Internally sourced data
Carriers must maintain anonymized data repositories based on their existing cyber policies and past incidents. Additionally, with over 40% of premiums ceded to reinsurers, insurers with reinsurance data can obtain valuable insights. This data, along with customer claims and attack history, can help assess customers’ cyber risk posture.
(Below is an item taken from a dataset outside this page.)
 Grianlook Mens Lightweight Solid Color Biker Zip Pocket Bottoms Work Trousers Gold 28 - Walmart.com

Public domain vulnerability databases
The Common Vulnerabilities and Exposures (CVE) and National Vulnerability Database (NVD), along with the Common Vulnerability Scoring System (CVSS), can be used to assess the zero-day exposure of customers’ IT assets. Open repositories such as Common Attack Pattern Enumeration and Classification (CAPEC), Adversarial Tactics, Techniques and Common Knowledge (ATT&CK), and Common Weakness Enumeration (CWE) provide a wealth of knowledge on adversary behavior, taxonomy, and common software weaknesses, to help assess risk.
Third-party data
With the increasing threat of cyberattacks, many organizations are turning to AI-based cyber security tools for cyber risk protection. These tools provide a point-in-time view of an organization’s defense and cyber risk scores, which are like credit scores and can be used by insurers to understand the cyber posture of customers. Insurers partnering with cyber security providers can also benefit from their threat repositories. Additionally, participating in industry groups such as the Cyber Threat Alliance (CTA) and collaborating with CTA members can open access to threat intelligence datasets.
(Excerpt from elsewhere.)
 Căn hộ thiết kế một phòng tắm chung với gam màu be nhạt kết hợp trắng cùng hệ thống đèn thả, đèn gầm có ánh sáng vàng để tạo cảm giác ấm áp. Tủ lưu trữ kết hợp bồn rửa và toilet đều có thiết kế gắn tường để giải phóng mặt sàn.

The cyber coverage adoption rate has increased by 21% among insureds during the period from 2016 to 2020.
However, most do not have sufficient coverage. Educating insureds about cyber hygiene and improving their cyber posture can help insurers provide optimal coverage and pricing.
Vulnerability management: A rise in the number of IoT devices and endpoints has increased the attack surface. Insurers can recommend AI-based automation tools to businesses to capture and prioritize vulnerabilities based on their risk categorization. These tools can help avoid gaps in security policies that are otherwise prone to manual errors.
Regulations: With increased regulatory focus on cyber risk, compliance is an important consideration for insurers as it varies across industries and geography. To avoid penalties, insurers can recommend AI-based alerting systems to insureds. This would help monitor identity and access management (IAM) policies and ports for potential non-compliance.
Layer of defense: Currently, insurers charge high premiums as customers fall short on security measures. Implementing cyber security frameworks and AI tools can protect against cyberattacks and improve the cyber posture of organizations. This could lead to discounted premiums for businesses as it would reduce their vulnerabilities.
Cyber risks are constantly evolving.
Insurers stand to gain by adopting AI and data-driven underwriting tools to better understand cyber risks. The National Institute of Standards and Technology’s (NIST) cybersecurity framework and AI guiding principles published by US insurance regulatory bodies can help insurers build resilience against cyberattacks. AI-based risk assessment and prevention solutions will enable cyber insurers to promote cyber resilient organizations, resulting in mitigation of risks and reduced losses due to data breaches. Hence, AI in cyber insurance will serve the dual purpose of safeguarding insurers’ interests while addressing gaps in the cyber armory of customer organizations.